The insects are everywhere! They look like jumbo grasshoppers with wings and emerge from underground dormancy every seventeen years to swarm for their mating ritual. My teacher says there are as many as a million-and-a-half bugs in a single acre of earth. Regan peddles around on her Big Wheel with ziplock bags and collects the little empty bug-shaped shells they shed on trees and window screens and sometimes on our stereo speakers if they manage their way inside the house. Mostly they’re just annoying, but Sadie and I run from the car into the house with our hands over our ears from the deafening whir in an over-dramatized attempt at avoiding accidental contact with the flying creatures.
Mother and the three of us girls are in a new house without Henry. She has asked him to leave several times, but this time it’s for real. We did the leaving, and she cries in her bedroom every night. When he discovers where we live, his truck pulls up each night after dark and parks on the street out front, where he sleeps. In the morning, he wakes up and drives off.

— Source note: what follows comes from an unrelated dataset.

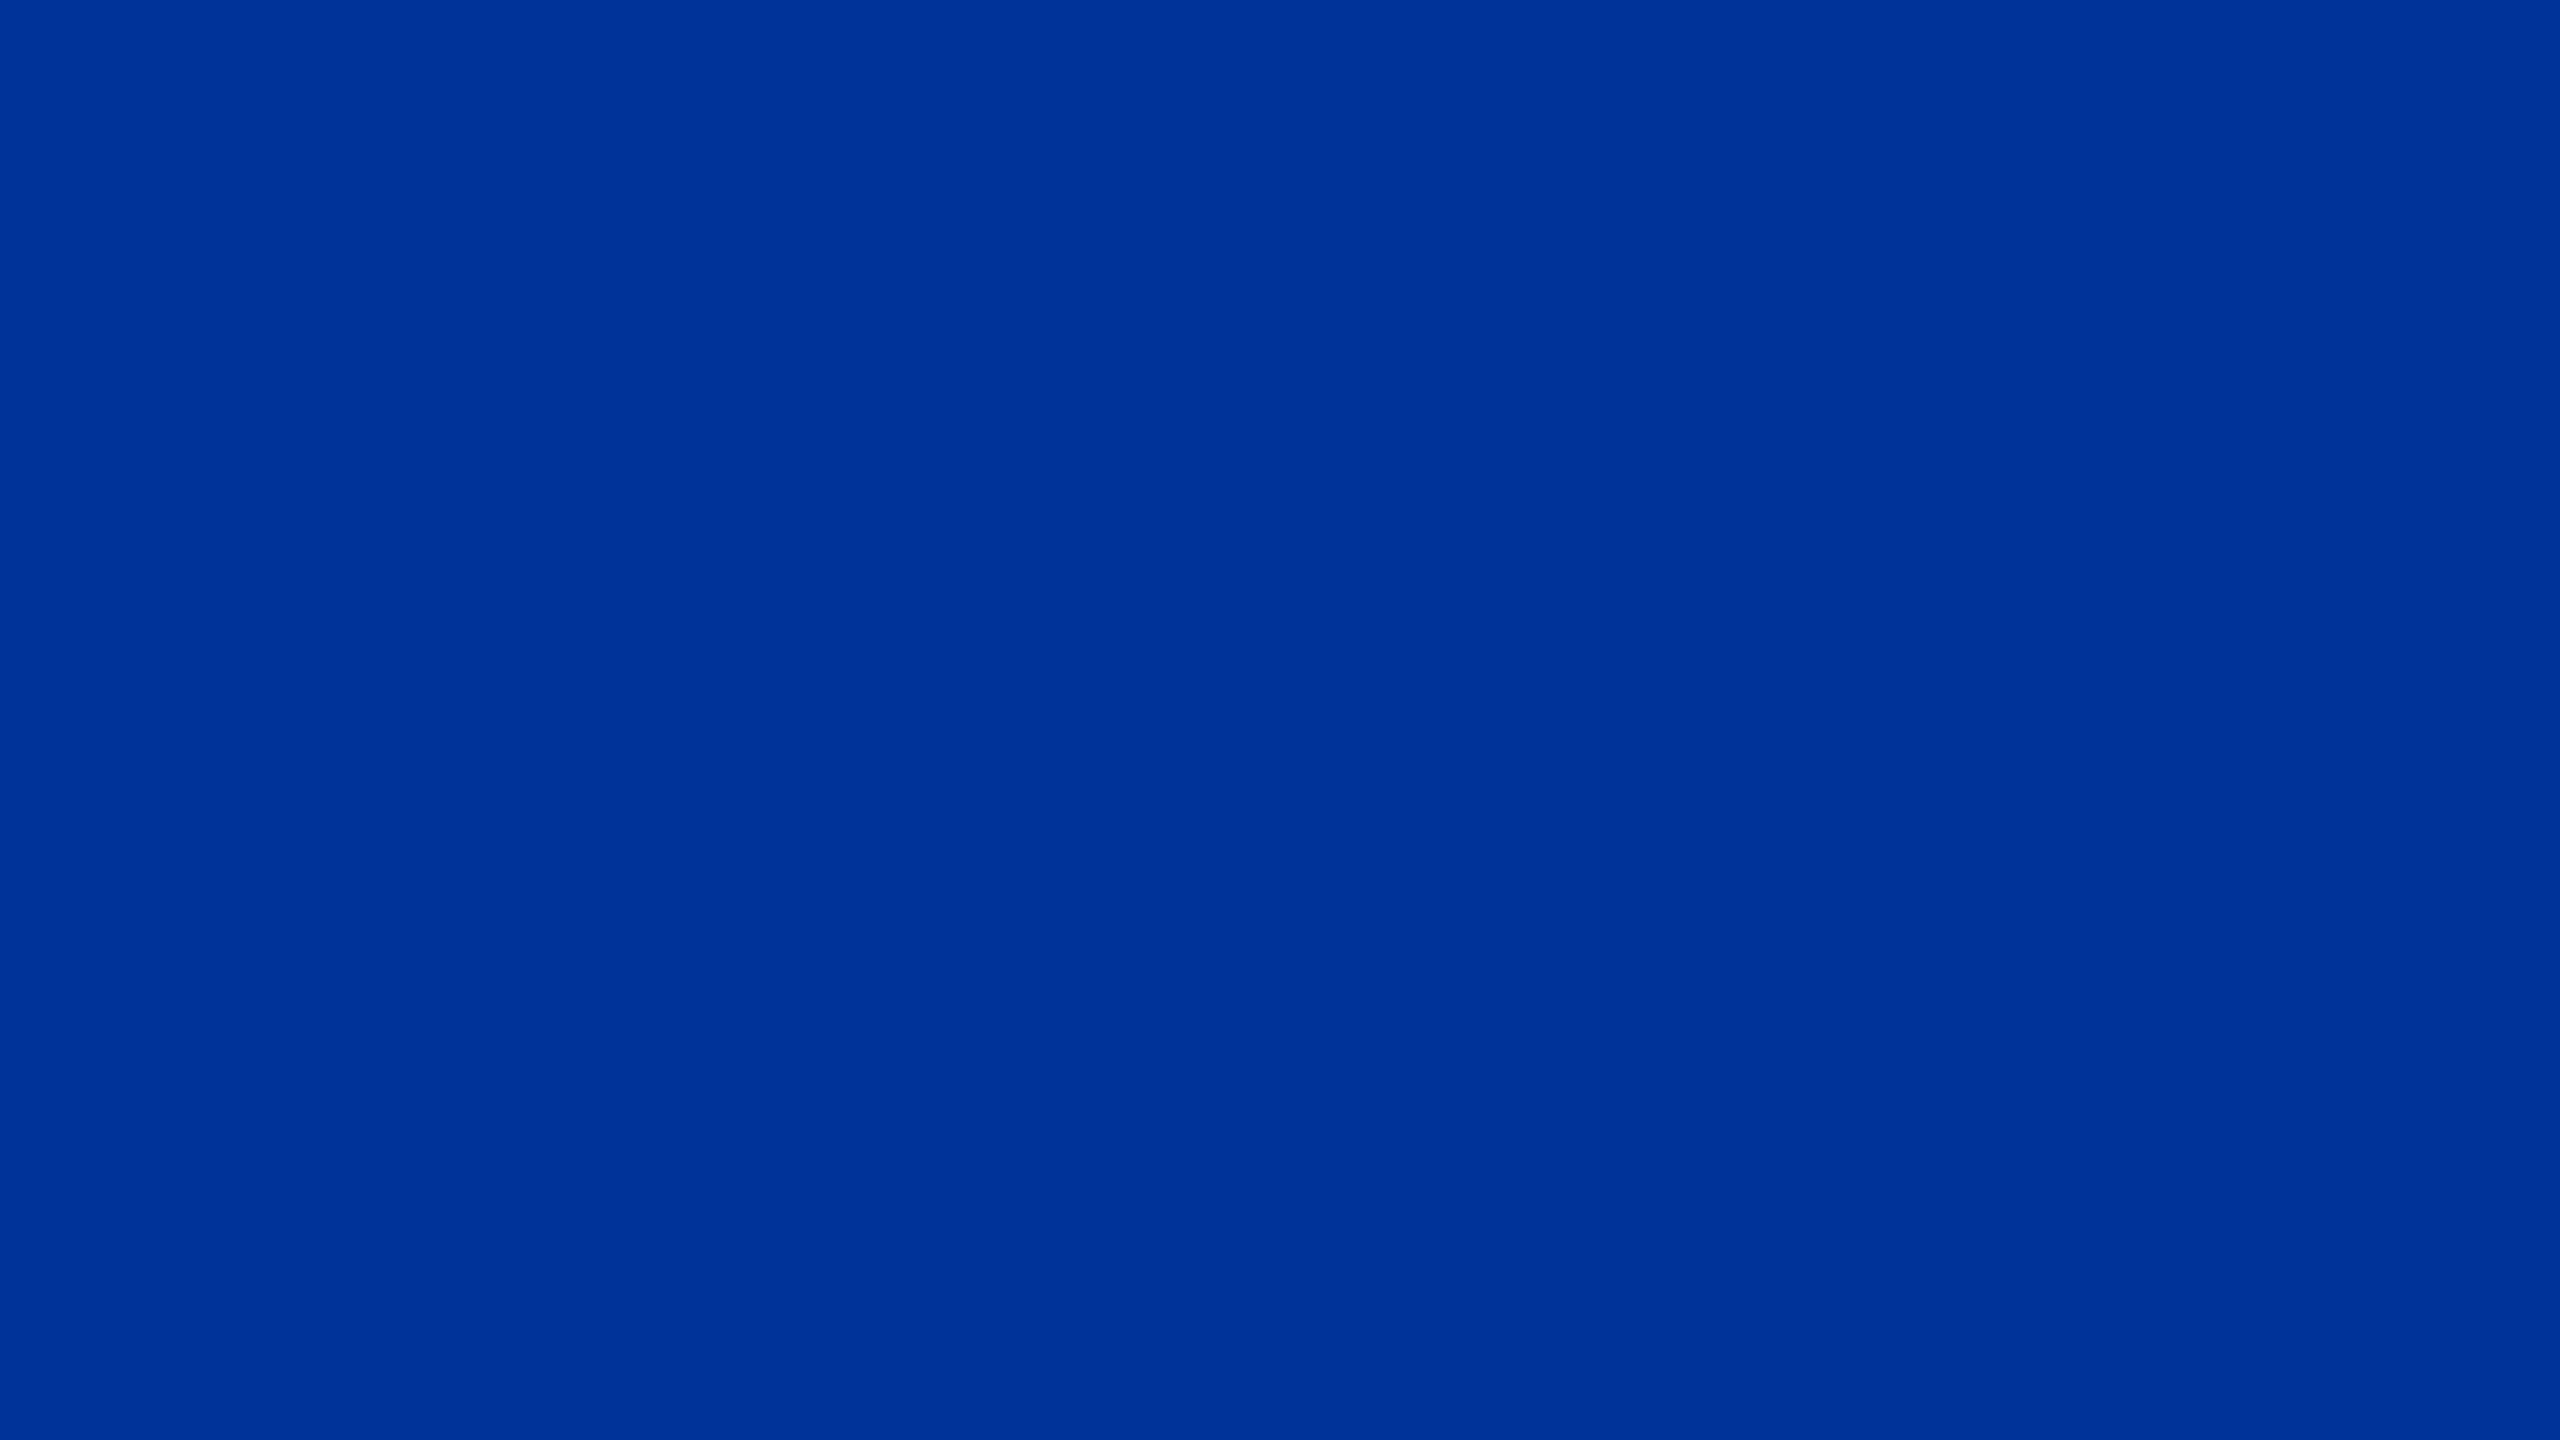 2560x1440 Smalt Dark Powder Blue Solid Color Background

On Christmas Eve, Sadie and I tiptoe down the stairs, being careful to avoid the creaky third step from the bottom. We have wrapped presents for my mother and Regan and are trying to sneak them under the tree in the middle of the night. Long past the belief in Santa Claus, we also hope to get a glimpse of any presents that might be there for us. The light switch at the bottom of the stairs isn’t working, and there is a pungent smell that I can’t place, like the science lab at school. Henry is lying on the couch with one arm and shoulder falling off the side. I guess mother has let him come inside for the holiday. “Come on, let’s go back to bed,” Sadie orders and pushes me back up the stairs. I step on the creaky stair and we freeze in place, but Henry still doesn’t move. Terror replaces my holiday spirit. Neither Sadie nor I ever speak of it again.